February 22, 2012ICGN sends LDV letter of support to the SEC, signed by Chairman of the ICGN Board of Governors.

September 30, 2011CalSTRS sends LDV letter of support to the SEC, signed by Director of Corporate Governance Anne Sheehan.

July 18, 2011Florida SBA sends LDV letter of support to the SEC, signed by Executive Director and Chief Investment Officer.

November 2011 – CSFME introduces Council of Institutional Investors editor to LDV.

July 5, 2011 – CSFME sends a Comment Letter to the Securities and Exchange Commission regarding LDV.

October 2010 – CSFME releases report: Borrowed Proxy Abuse: Real or Not? This report and the SEC’s Securities Lending and Short Selling Roundtable prompted the question from beneficial owners and regulators regarding the need to recall shares on loan to vote proxies, why can’t lenders receive proxies for shares on loan when we get the dividends? From this question, the idea for Lender Directed Voting was born.
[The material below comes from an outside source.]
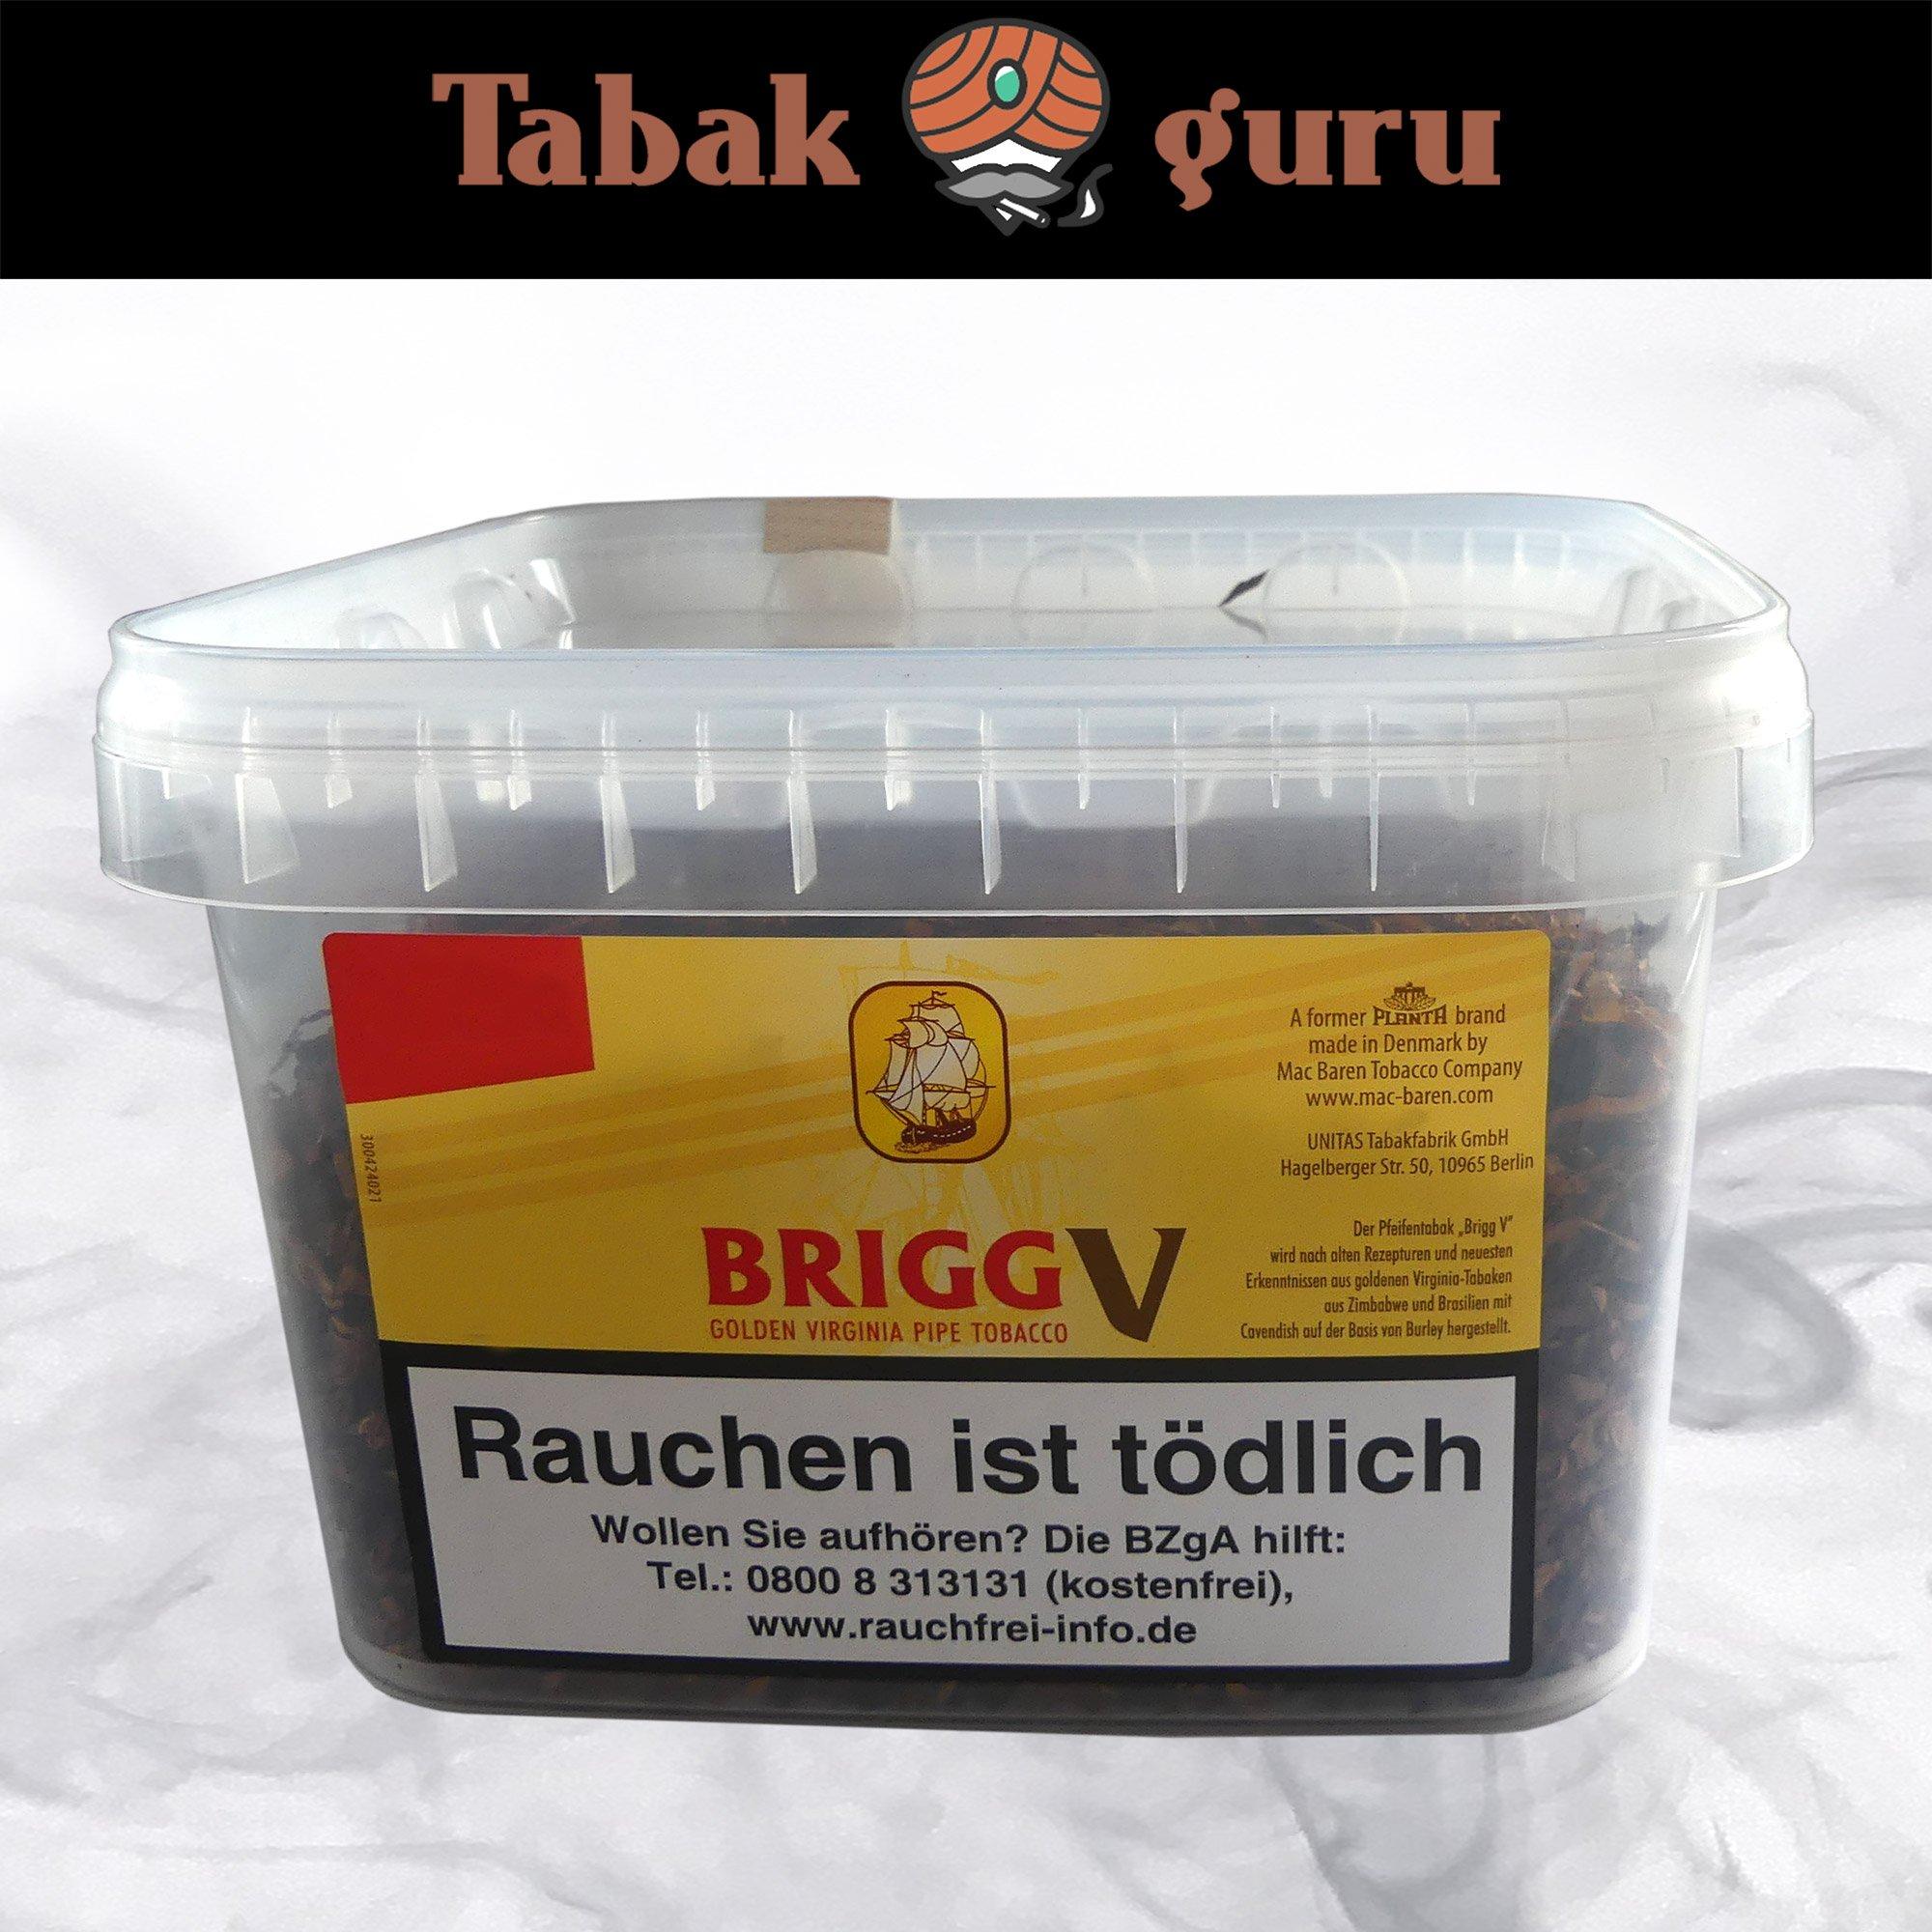 Brigg V Pfeifentabak im 400g Eimer Golden Virginia Tabak mit Vanille Aroma

January 2010 – SEC issues rules that brokers no longer have the discretion to vote their customers’ shares held in companies without receiving voting instructions from those customers about how to vote them in an election of directors. http://www.sec.gov/investor/alerts/votingrules2010.htm. The rule, periodically, contributed to the difficulty of corporate meetings attaining a quorum.

Fall 2009/2010 – Four public pension funds join CSFME in Empty Voting studies/LDV initiative; FL SBA, CalSTRS, SWIB and CoPERA.